= Junior World Artistic Gymnastics Championships – Boys' rings =

The Junior World Championships in artistic gymnastics were first held in 2019. Originally meant to be held every two years, the second edition of the event was not held until 2023 due to the COVID-19 pandemic.

Three medals are awarded: gold for first place, silver for second place, and bronze for third place.

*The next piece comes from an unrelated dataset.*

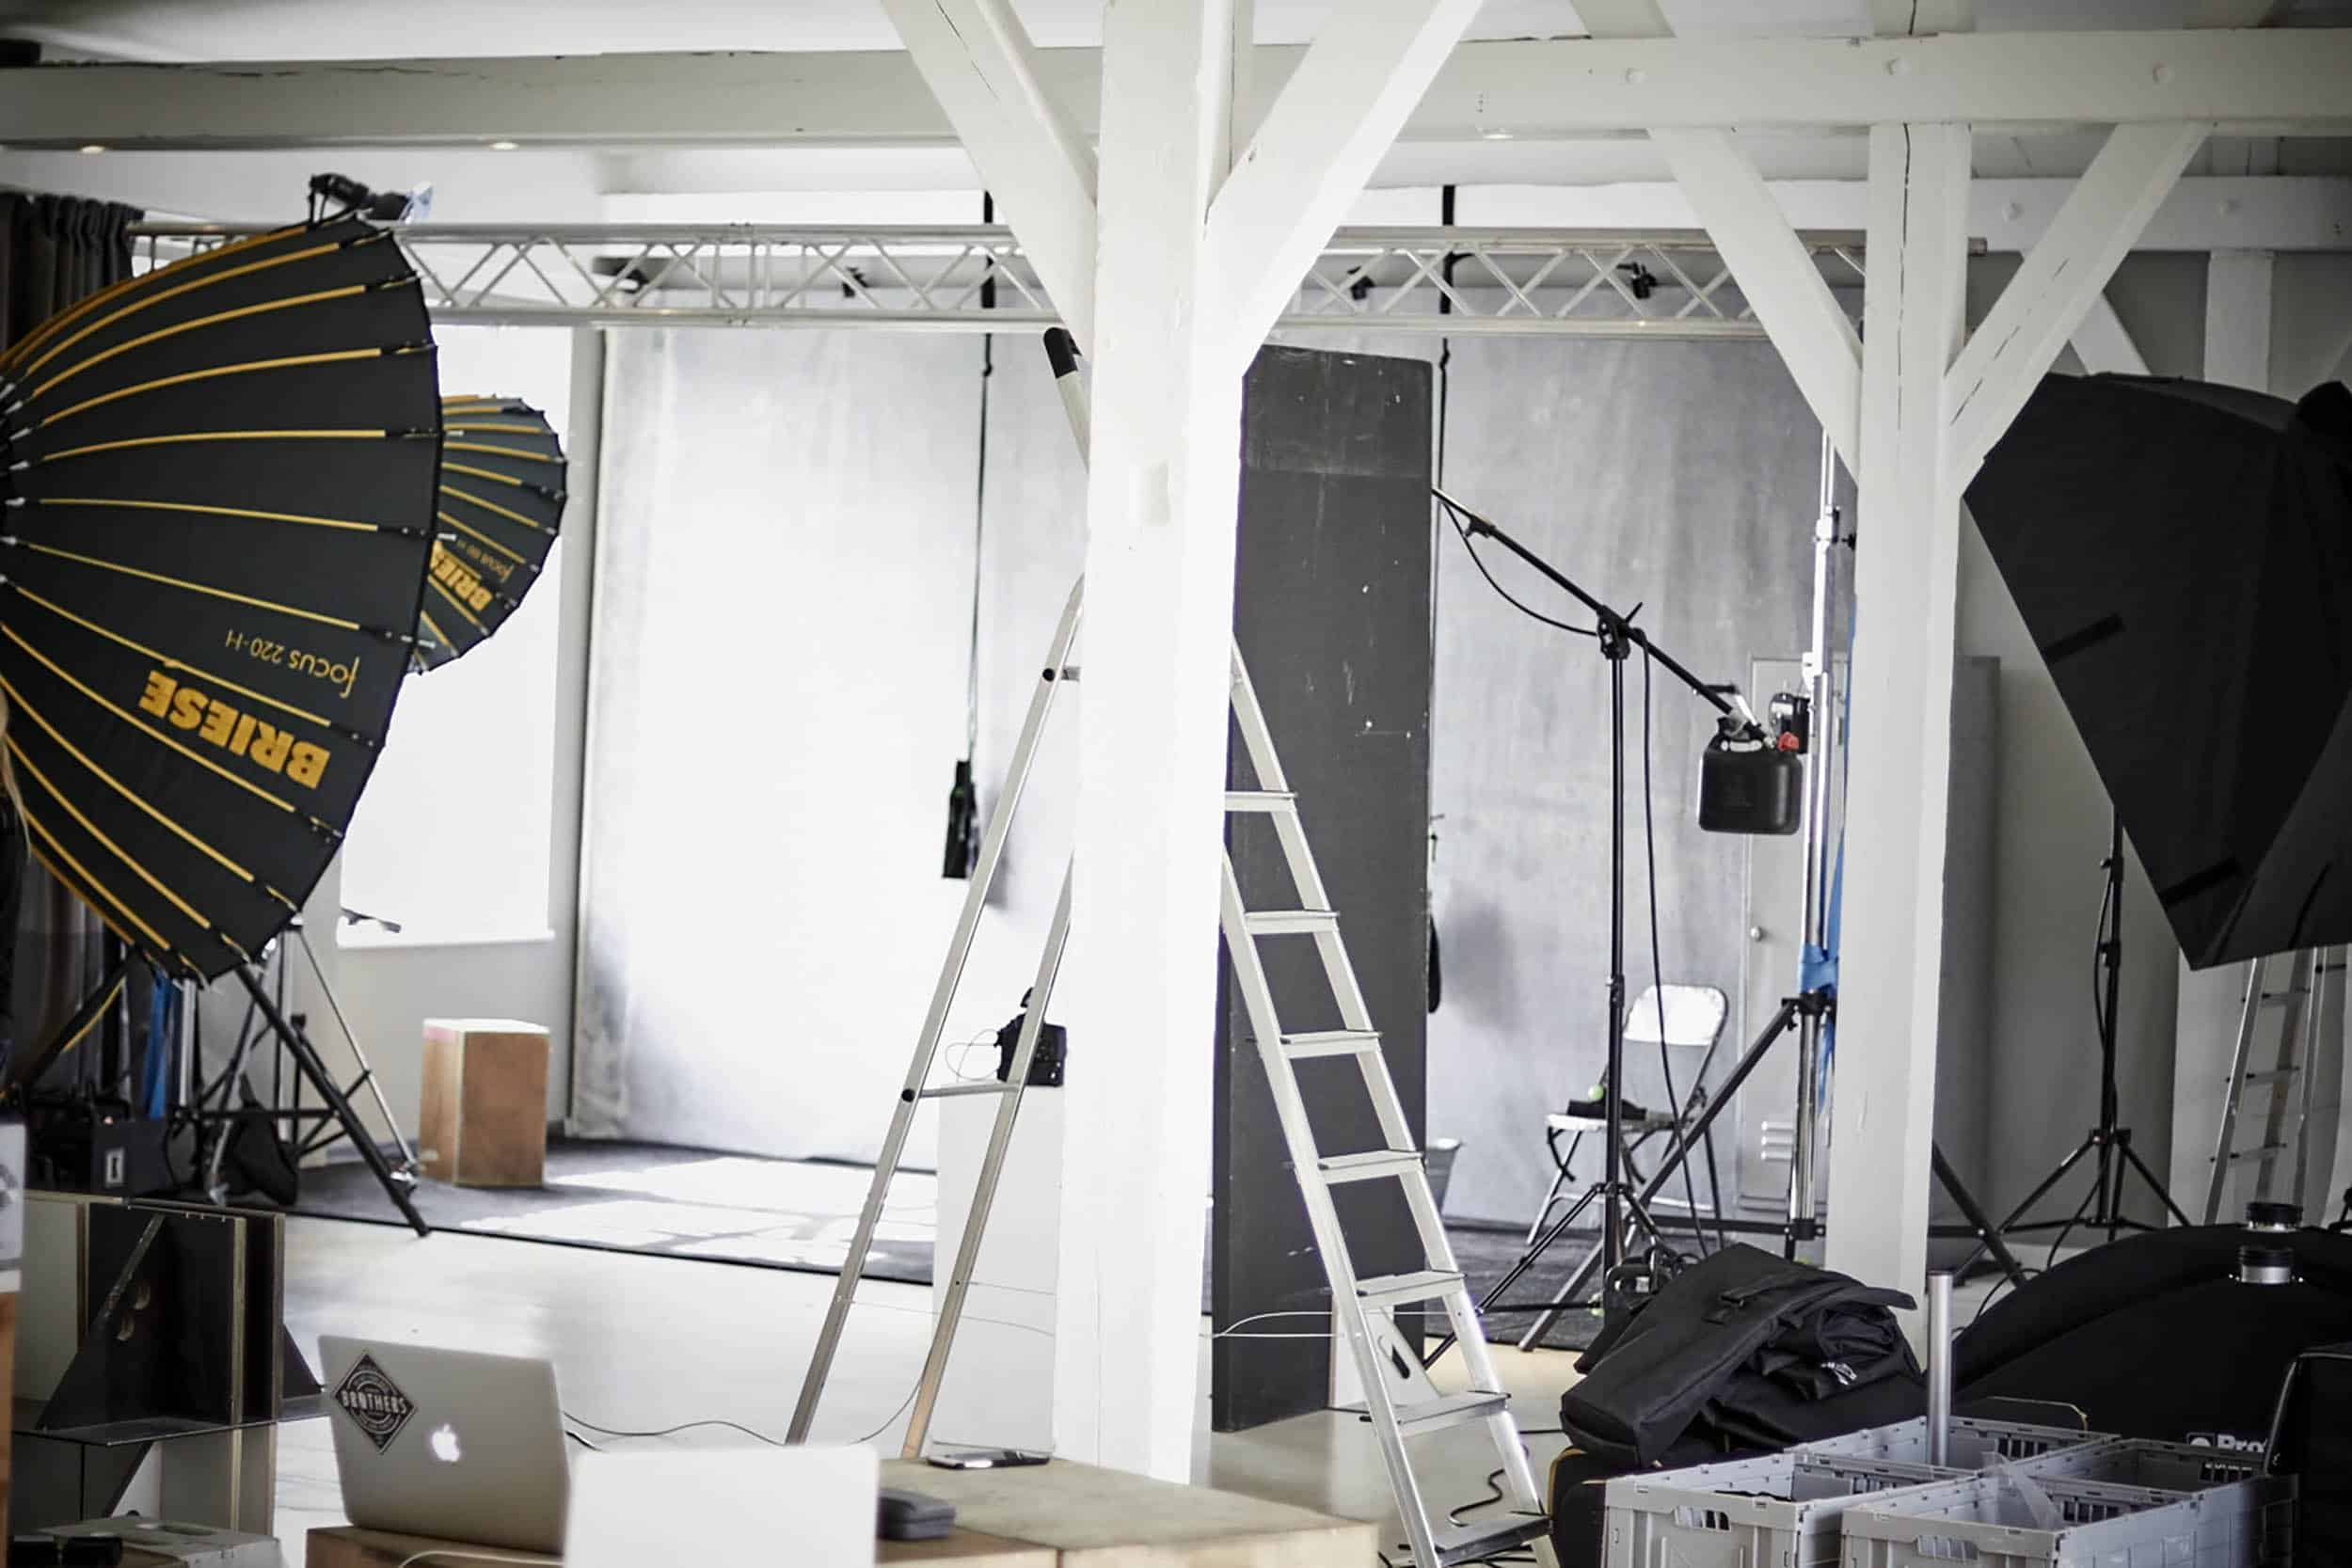 studio-ignatov-klitschko-warsteiner-imagekampagne-makingof-03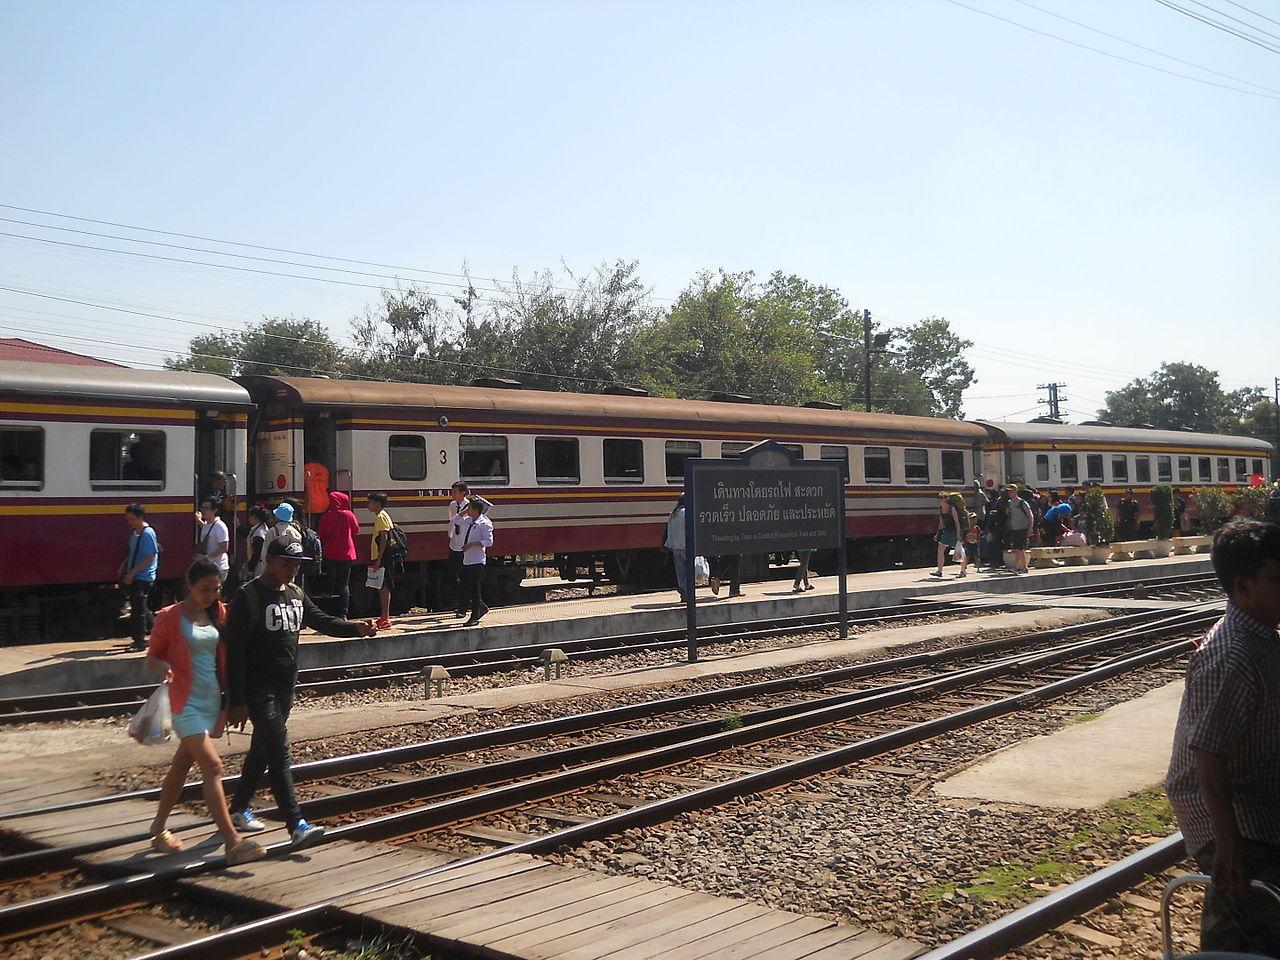 121 Train Services Suspended to Control COVID

Tie breakers were used in the first year of the event but were not used subsequently.

==Medalists==

| Year | Location | Gold | Silver | Bronze | Ref |
|---|---|---|---|---|---|
| 2019 | HUN Győr | CAN Félix Dolci | BRA Diogo Soares | CHN Yang Haonan |  |
| 2023 | TUR Antalya | ARM Hamlet Manukyan | JPN Tanida Masaharu | ITA Riccardo Villa |  |
| 2025 | PHI Manila | USA Dante Reive | ITA Simone Speranza | CHN Wang Chengcheng |  |

==All-time medal count==
Last updated after the 2025 Junior World Championships.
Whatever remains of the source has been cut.